#### INFORMATION SUPPLIED
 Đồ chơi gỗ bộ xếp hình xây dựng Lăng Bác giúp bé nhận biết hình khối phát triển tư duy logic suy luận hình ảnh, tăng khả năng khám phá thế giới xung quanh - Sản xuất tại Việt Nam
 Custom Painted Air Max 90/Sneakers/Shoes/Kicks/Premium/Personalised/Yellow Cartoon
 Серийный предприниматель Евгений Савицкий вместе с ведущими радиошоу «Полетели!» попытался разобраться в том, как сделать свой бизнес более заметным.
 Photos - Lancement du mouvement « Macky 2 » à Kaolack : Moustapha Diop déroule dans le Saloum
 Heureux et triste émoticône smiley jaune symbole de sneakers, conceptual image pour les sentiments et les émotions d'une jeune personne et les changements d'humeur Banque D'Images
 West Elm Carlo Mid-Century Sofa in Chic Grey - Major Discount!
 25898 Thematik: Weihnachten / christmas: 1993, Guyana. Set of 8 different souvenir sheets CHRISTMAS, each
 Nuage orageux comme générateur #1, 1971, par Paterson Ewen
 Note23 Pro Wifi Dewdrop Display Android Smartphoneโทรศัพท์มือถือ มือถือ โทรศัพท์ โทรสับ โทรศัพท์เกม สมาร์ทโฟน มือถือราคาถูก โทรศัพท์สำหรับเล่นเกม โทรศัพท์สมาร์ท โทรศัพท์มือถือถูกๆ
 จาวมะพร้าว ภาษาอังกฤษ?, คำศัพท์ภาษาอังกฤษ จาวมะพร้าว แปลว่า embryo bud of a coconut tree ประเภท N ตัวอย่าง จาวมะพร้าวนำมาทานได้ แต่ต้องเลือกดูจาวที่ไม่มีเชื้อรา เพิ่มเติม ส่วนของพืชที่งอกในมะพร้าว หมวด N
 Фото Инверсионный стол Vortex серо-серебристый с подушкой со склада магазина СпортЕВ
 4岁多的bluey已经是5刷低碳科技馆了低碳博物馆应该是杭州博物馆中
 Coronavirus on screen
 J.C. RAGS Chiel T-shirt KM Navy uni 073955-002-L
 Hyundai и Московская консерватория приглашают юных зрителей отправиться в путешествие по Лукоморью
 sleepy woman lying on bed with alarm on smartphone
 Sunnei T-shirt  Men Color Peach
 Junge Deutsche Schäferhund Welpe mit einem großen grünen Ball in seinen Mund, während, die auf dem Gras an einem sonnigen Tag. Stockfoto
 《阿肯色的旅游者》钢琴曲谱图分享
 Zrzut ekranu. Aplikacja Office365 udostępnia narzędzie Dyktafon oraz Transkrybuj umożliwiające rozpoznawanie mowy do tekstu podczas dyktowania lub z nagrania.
########
INSTRUCTIONS TO FOLLOW
Scan the lines above for the word "shirt", then copy each line that has it.

ANSWER SPACE
 J.C. RAGS Chiel T-shirt KM Navy uni 073955-002-L
 Sunnei T-shirt  Men Color Peach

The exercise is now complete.